## Listed records

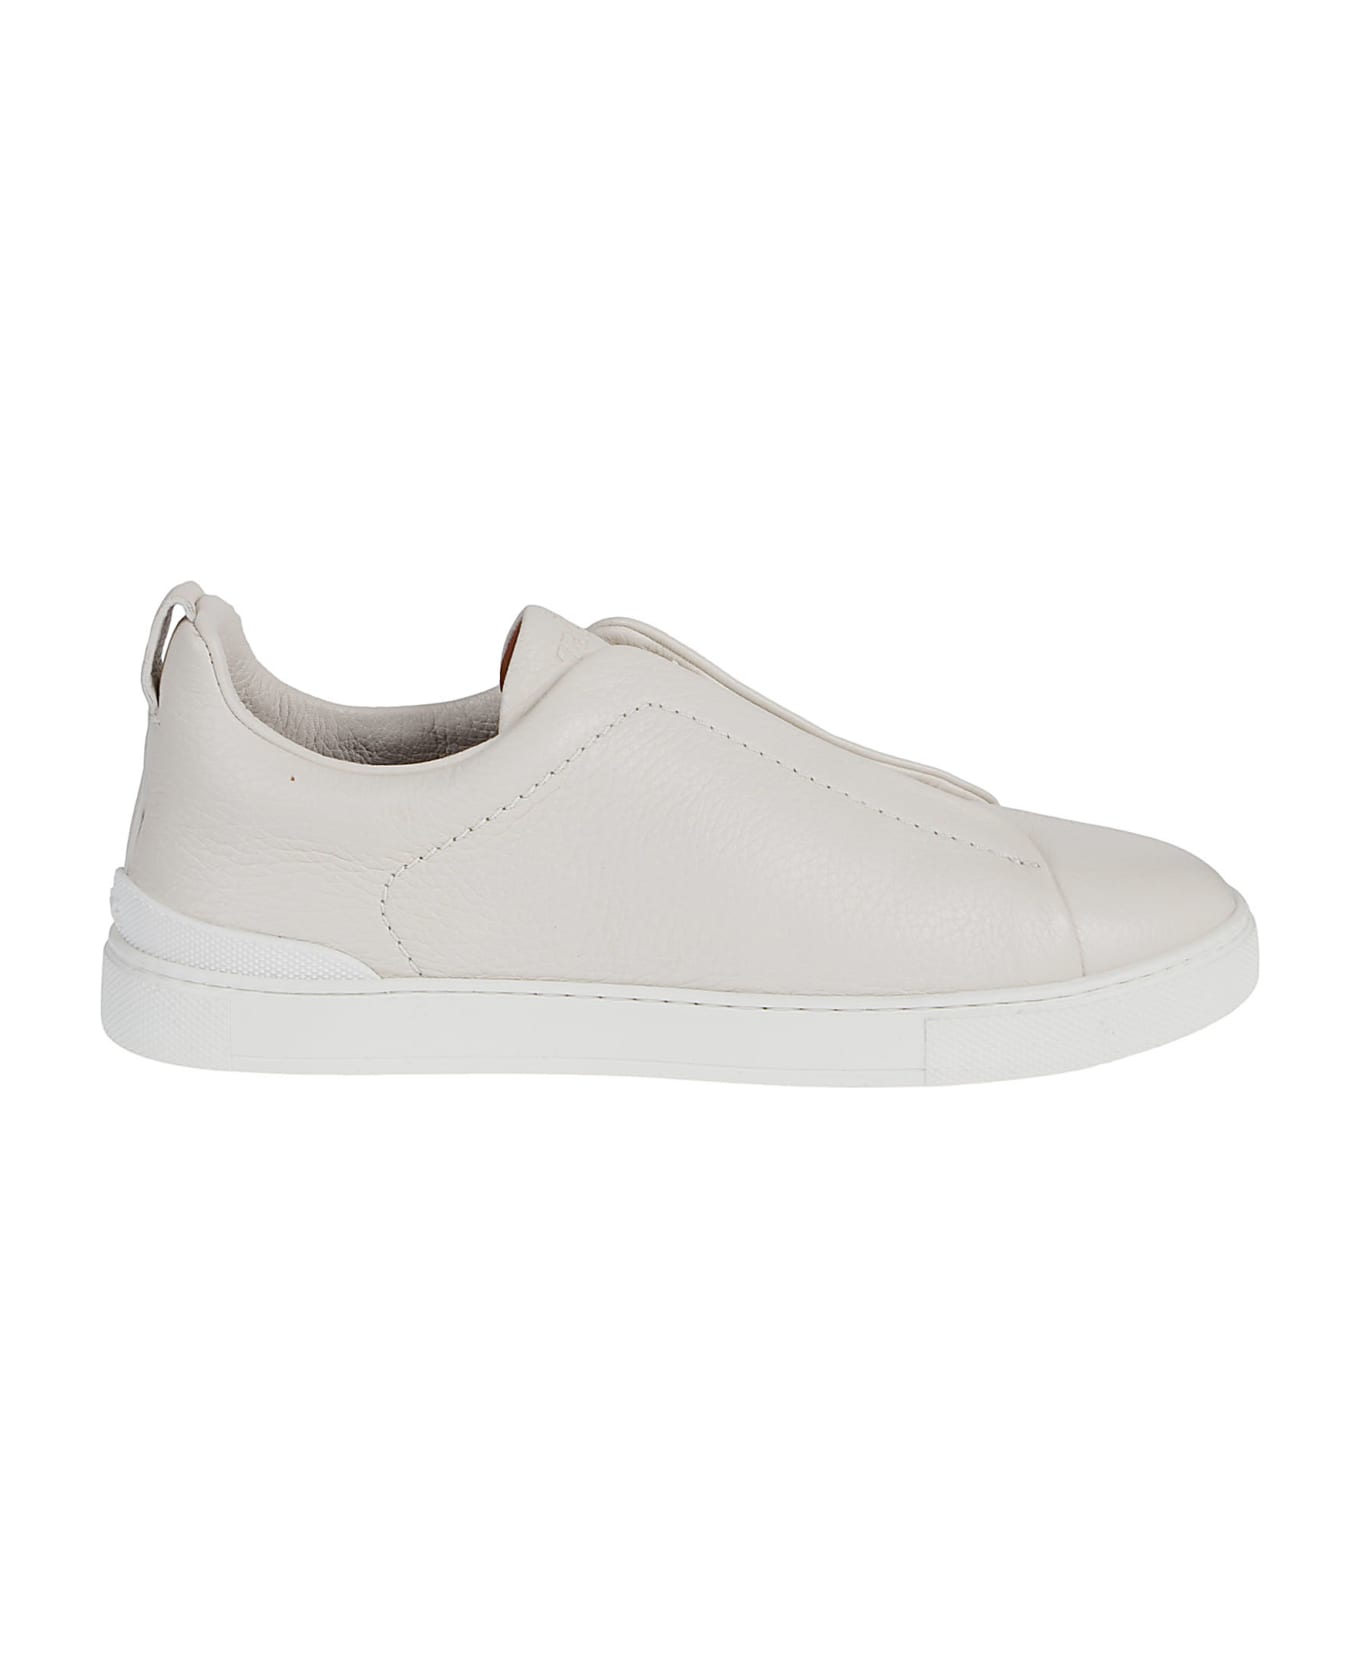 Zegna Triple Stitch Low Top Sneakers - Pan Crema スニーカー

* * *

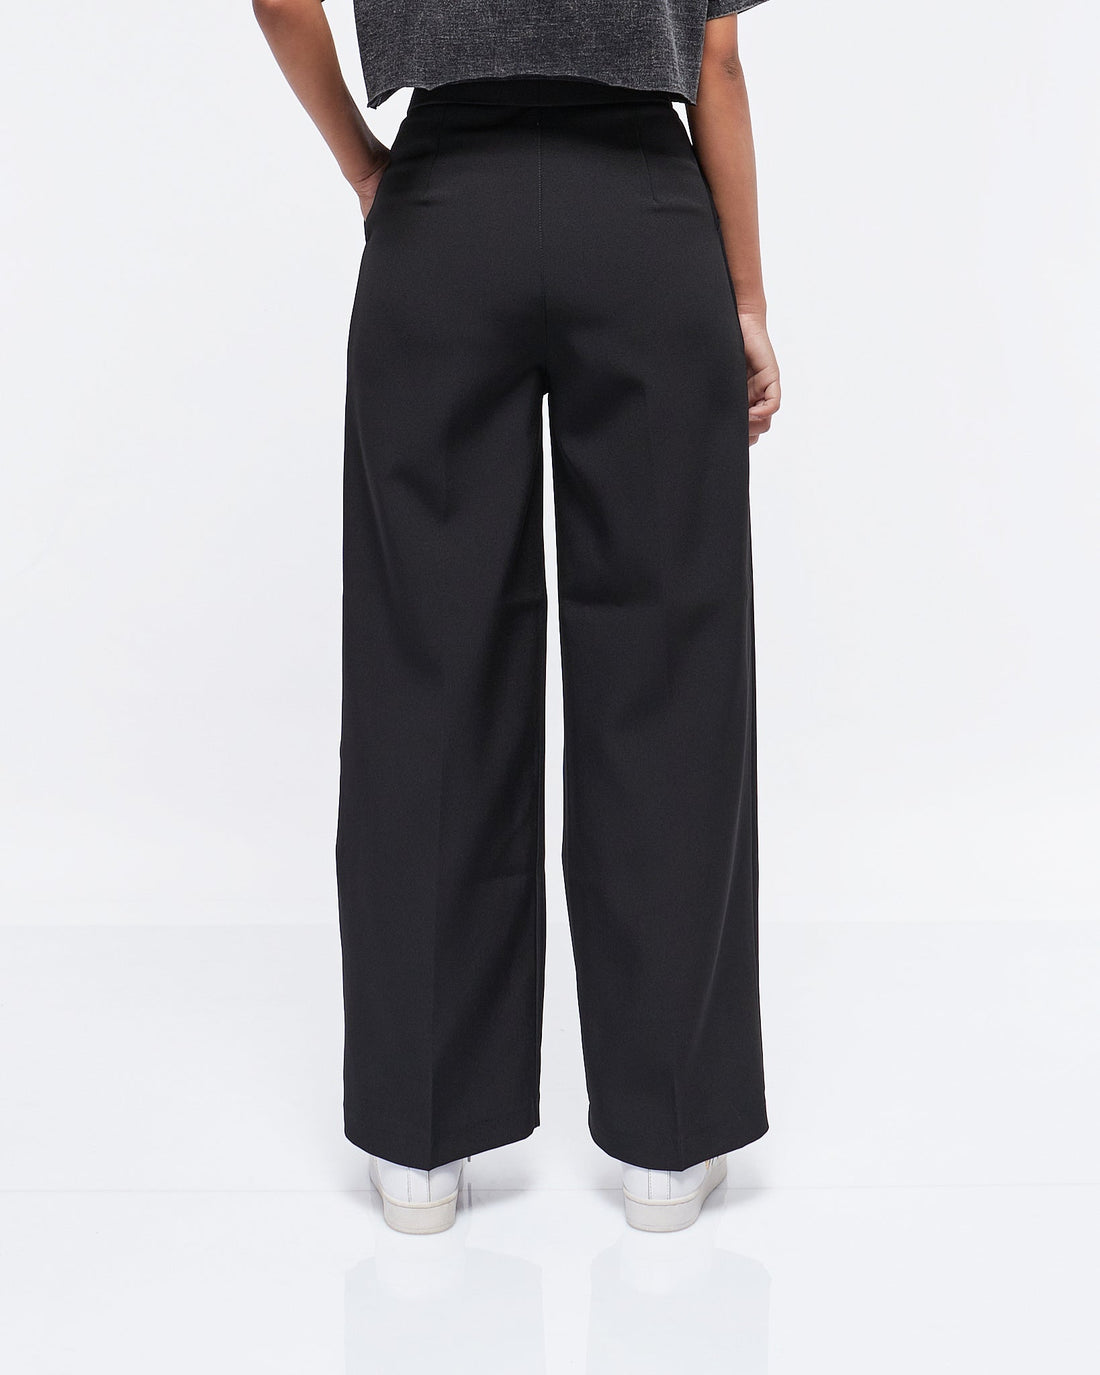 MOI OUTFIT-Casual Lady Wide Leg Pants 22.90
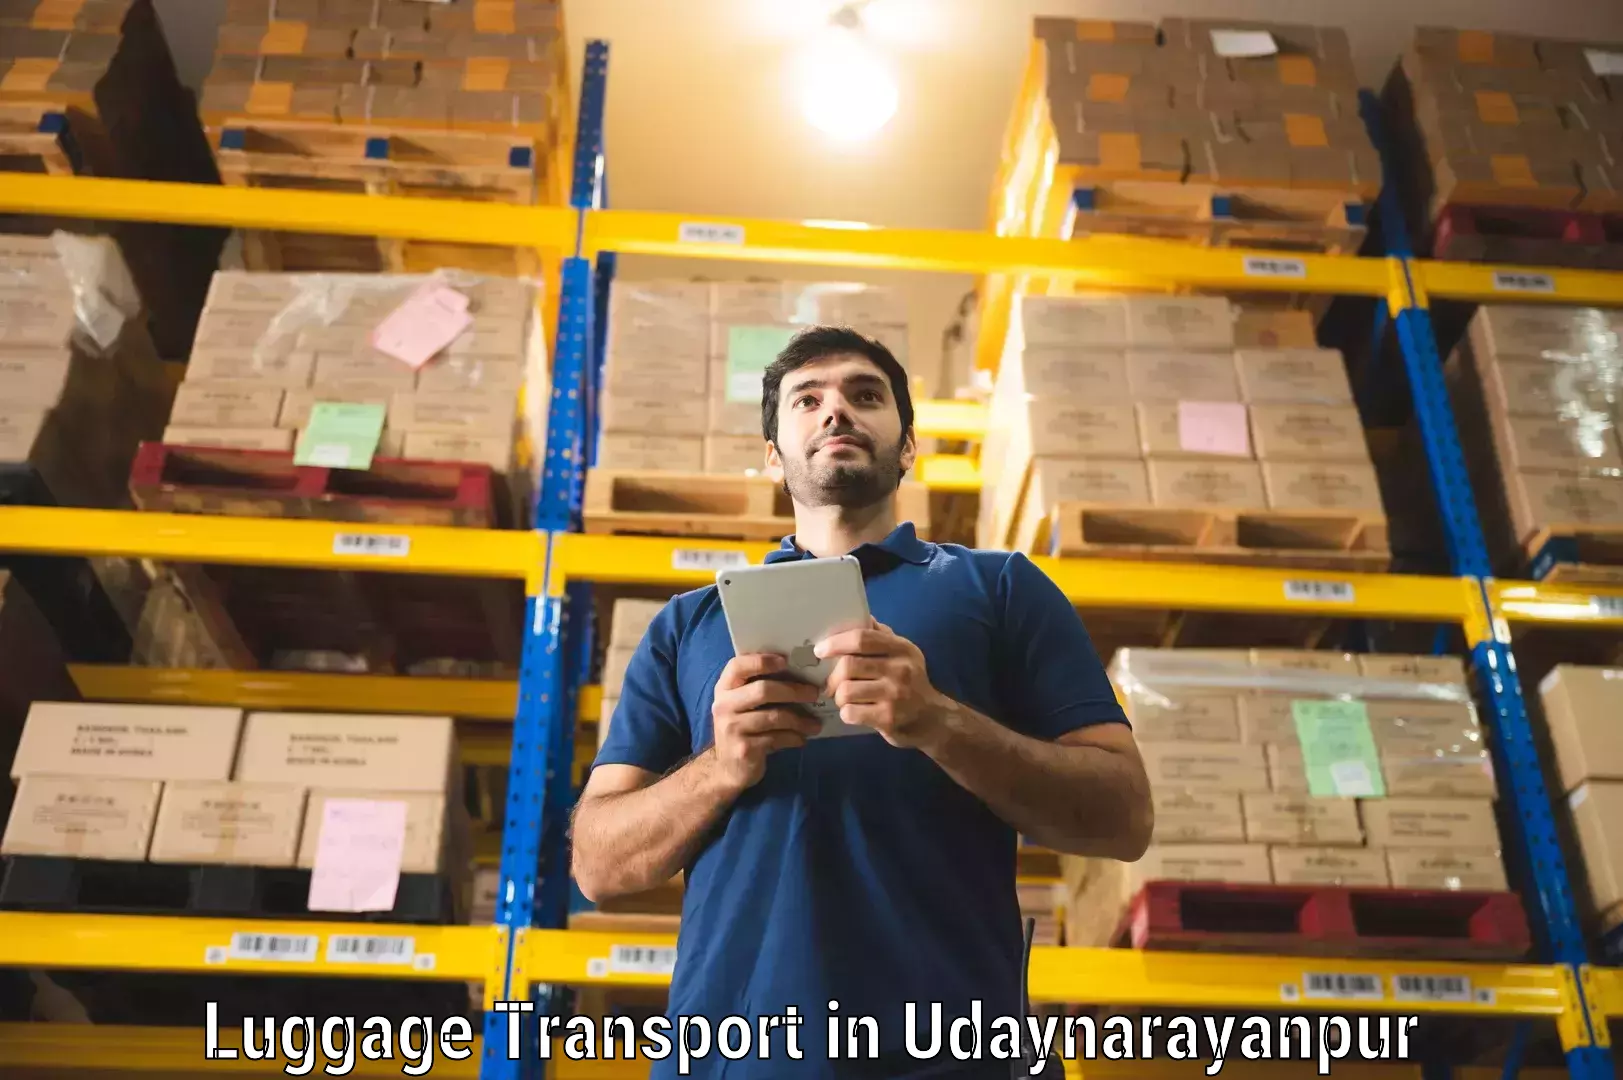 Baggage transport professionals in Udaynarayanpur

## Instructions for the task
Copy out exactly the lines above beginning with the line that contains "MOI OUTFIT-Casual Lady Wide Leg Pants 22.90" and finishing with the line that contains "Baggage transport professionals", including both; leave the pictures out.

## Result for this task
 MOI OUTFIT-Casual Lady Wide Leg Pants 22.90
 Baggage transport professionals in Udaynarayanpur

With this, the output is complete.